Gallium oxide (Ga₂O₃) has an extremely wide bandgap, predicted high breakdown field, and can be produced from melt crystal growth techniques making it attractive for next-generation high-power electronics. It is well-known that the optical transitions in monoclinic β-Ga₂O₃ are anisotropic; the threshold energies for carrier generation using linearly polarized light depend on crystallographic direction. Using transmission optical spectroscopy, which probes subtly differently than e.g. ellipsometry, we have investigated the optical transitions of Fe doped [100] β-Ga₂O₃ as function of elevated temperature and have documented the dramatic bandgap narrowing with temperature which was recently explained using density functional theory [1]. Here we also report on the anisotropy and doping dependencies of the disorder-induced Urbach tails in the optical absorption coefficient for β-Ga₂O_3. Band tails in semiconductors depend on both static disorder and the dynamic disorder induced by phonons mediated by the electron-phonon coupling. Given the low symmetry of β-Ga₂O₃ and its strong electron-phonon coupling, we predicted that the Urbach tails should also exhibit significant anisotropy.
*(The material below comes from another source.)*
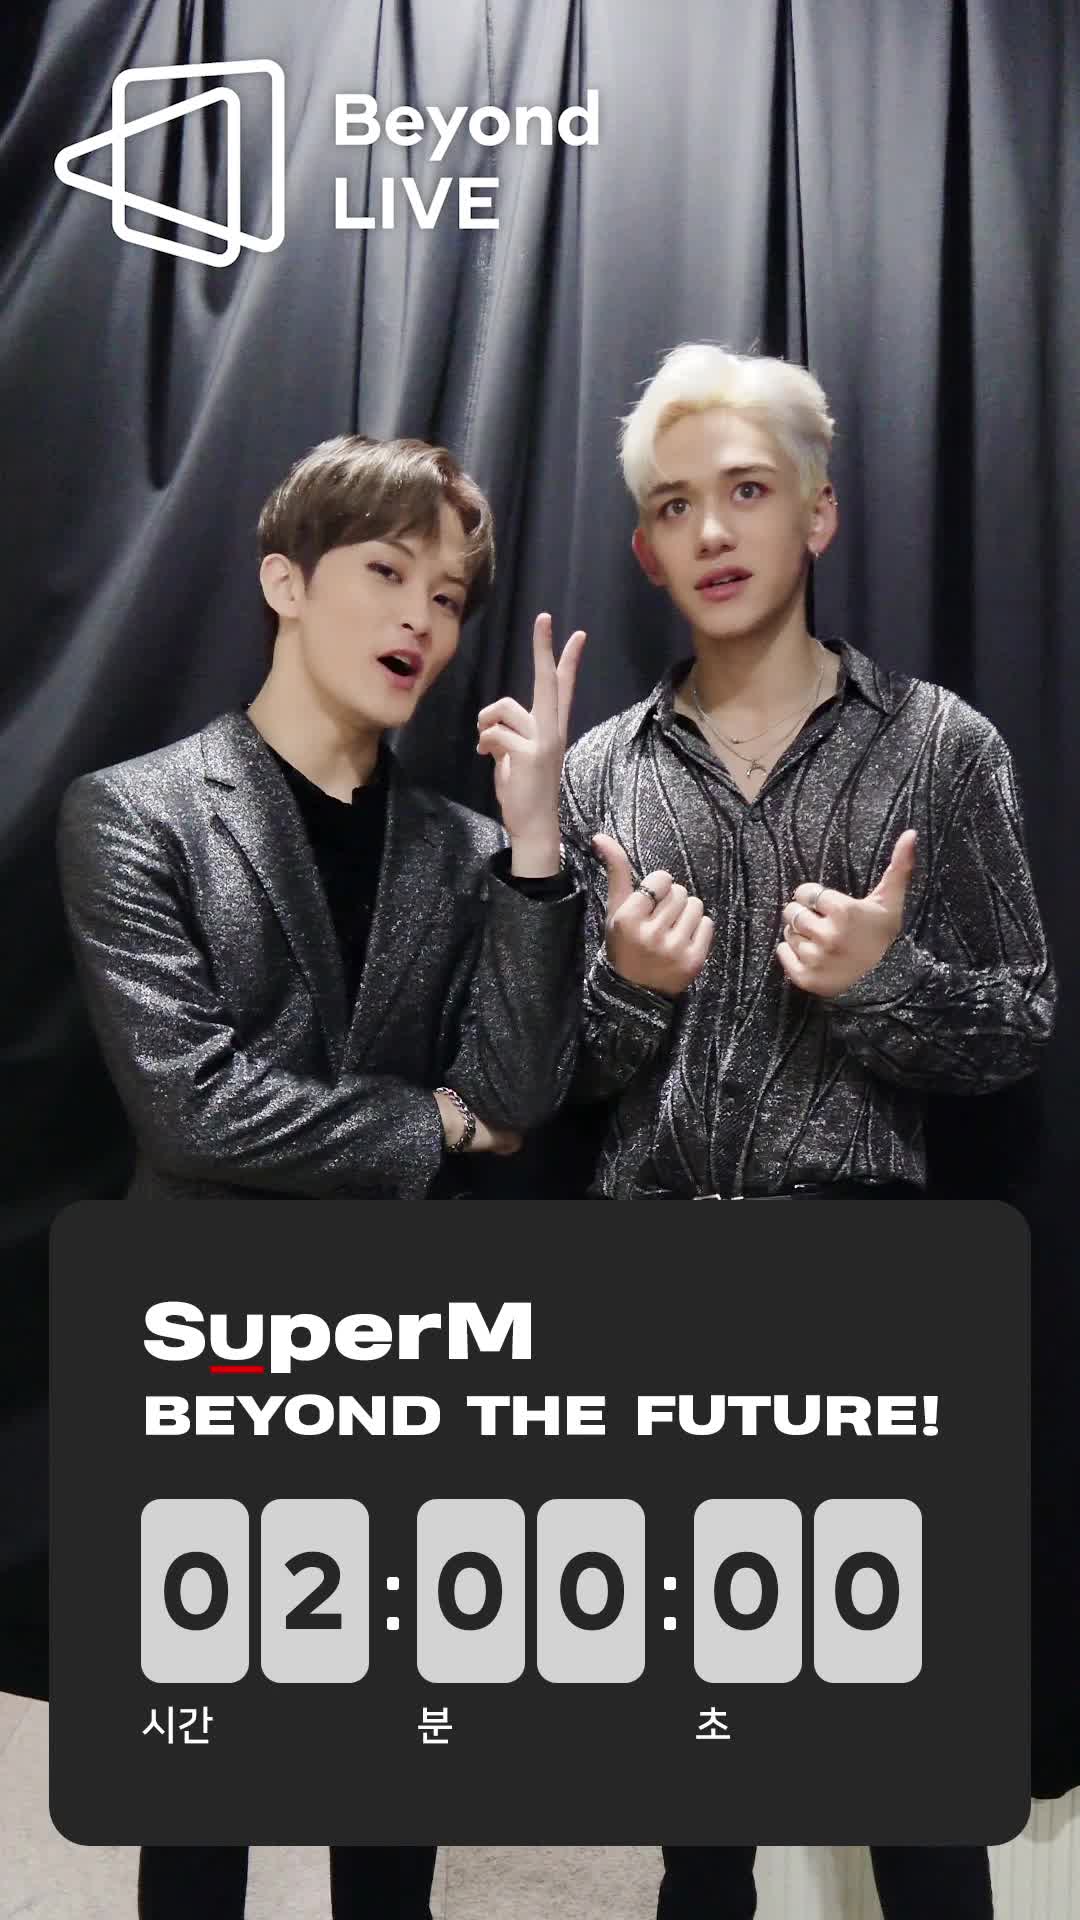 ‘SuperM Beyond the Future’ D-DAY🔥ONLY ✌🏻2 HOURS TO GO!!⏰
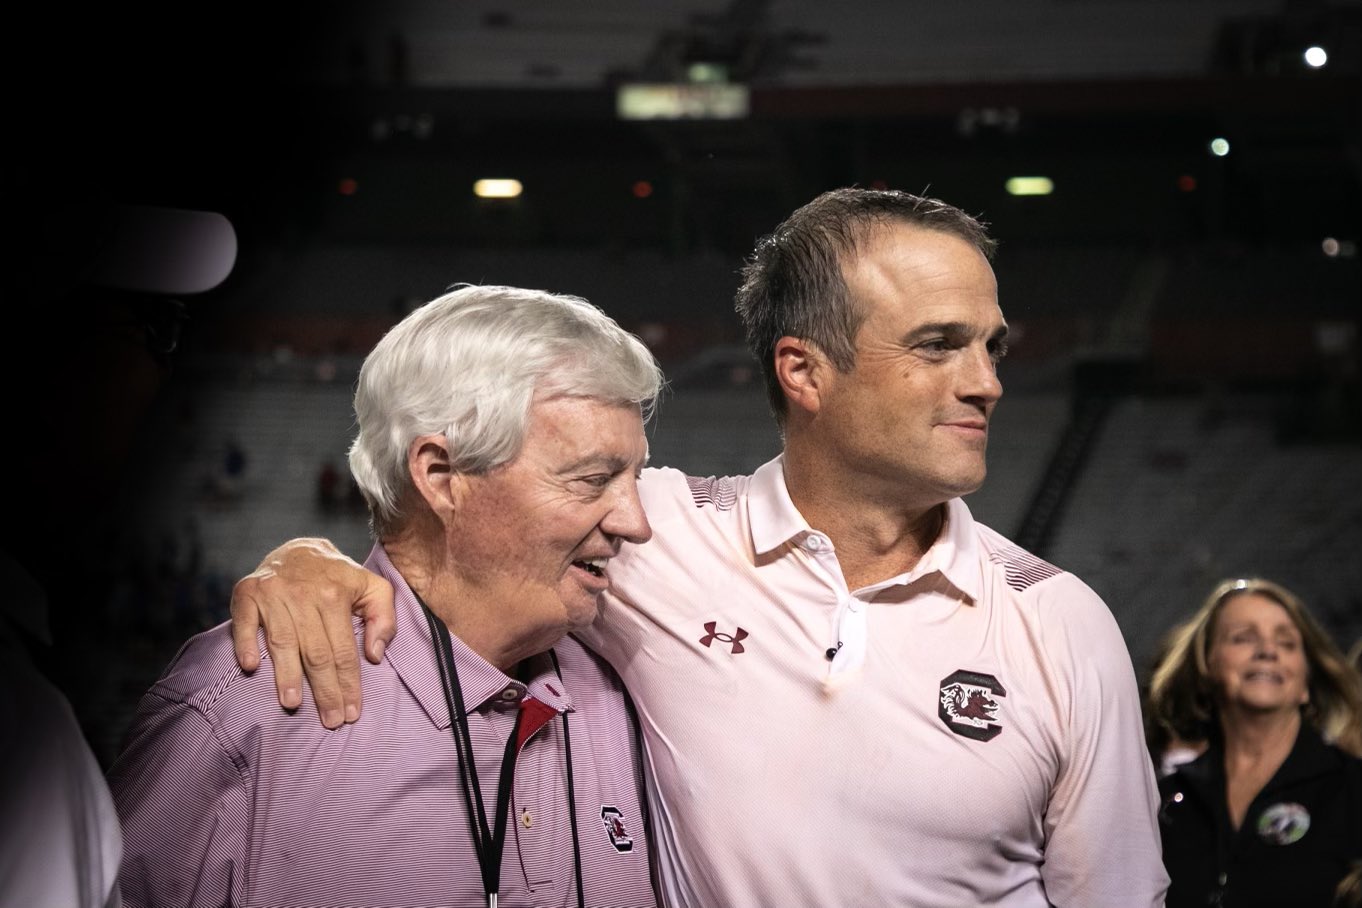 Happy Birthday to a legend who looks GREAT in garnet, Frank Beamer!

However, at low liquid nitrogen temperature (77K) the anisotropy of the Urbach tail is insignificant and almost overlaps in different crystallographic directions.

We show that this is indeed the case of room temperature and liquid nitrogen temperature and also provide results for Fe-doped and Sn-doped crystals, both of which exhibit large anisotropic band tails as expected at room temperature, and the anisotropy of the band tails significantly reduced at liquid nitrogen temperature.

References

[1]. Lee, C., Rock, N.D., Islam, A., Scarpulla, M.A. and Ertekin, E., 2023. Electron–phonon effects and temperature-dependence of the electronic structure of monoclinic β-Ga2O3. APL Materials, 11(1), p.011106.